Shlomo Mintz (b. 1957) offers nine pieces by Kreisler from the Jerusalem Music Center in June 1980, enough to establish his seamless credentials in this music, much of which basks in Iberian rhythms and Viennese lilts. The Wieniawski “Caprice” provides a good example of peerless nonchalance. The naturalness of the Slavonic Dance in E Minor melts one’s musical complacency about familiar strains. The lovely keyboard work from Clifford Benson deserves no less note for its plangent bass tones. After the warmly romantic “Larghetto” of Weber, the “Gypsy Caprice” plays like a Cheshire Cat, coy and canny, Kreisler by way of Satie. Both Glazunov and Granados replicate the strumming of Spanish guitars, and a fine troubadour the violin makes besides, anticipating Sarasate. Mintz injects a slide or sforzato into the Granados to spice up the already pulsating rhythmic thrusts of this inspired dance. The neatly galant “La Precieuse” typifies the Kreisler ternary song style, arched, rhythmically alert, and eminently charming.

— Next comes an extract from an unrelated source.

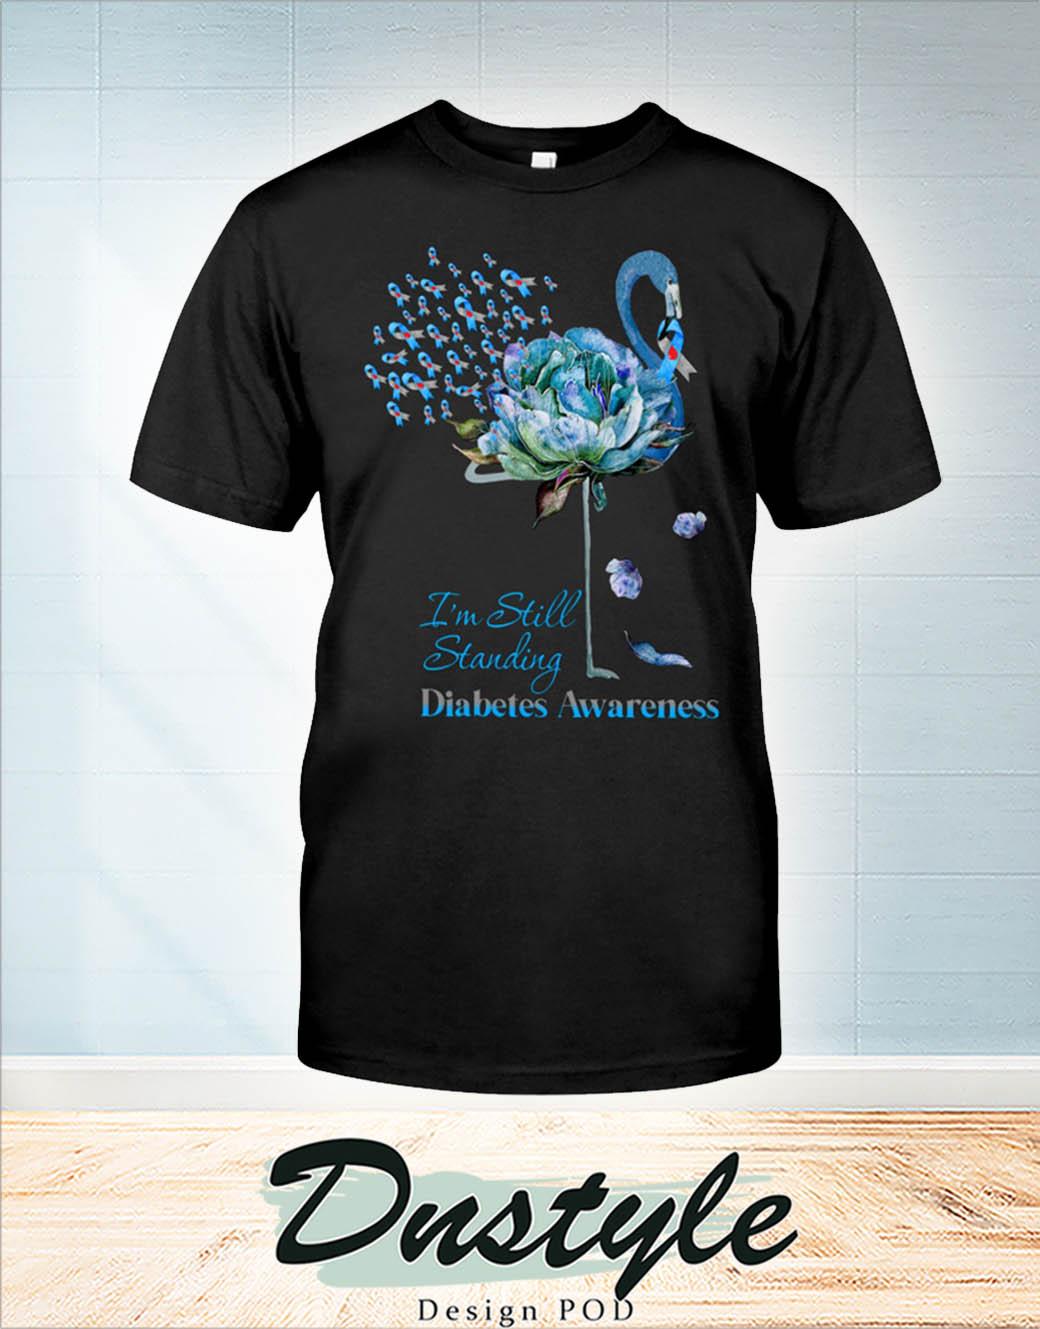 Flamingo I'm still standing diabetes awareness t-shirt

Gidon Kremer (b. 1947) renders up two Kreisler characteristic pieces from 1995, accompanied by Oleg Maisenberg (b. 1945), first in “Syncopation,” a piece wherein Kreisler approaches Scott Joplin. The “Marche miniature viennoise” projects its own sophisticate’s panache, a militant moment in a bottle. The last four selections come to us courtesy of Anne-Sophie Mutter of the restrained vibrato but the romantic temperament, playing first three staples (rec. 14 January 2002): “Schoen Rosmarin,” “Caprice viennois,” and “Liebesleid”. What Mutter withholds in vibrato she adds in rubato and schwung. She and Lambert Orkis turn “Caprice viennois” into a virtual Hungarian Rhapsody, lassu and friss.  The tempo for “Liebesleid” borders on the moribund, except it has lilt. Finally, Mutter and Andre Previn in happier days, playing (21 September 2008) Mendelssohn’s “Spring Song”, relatively aerial and sunny.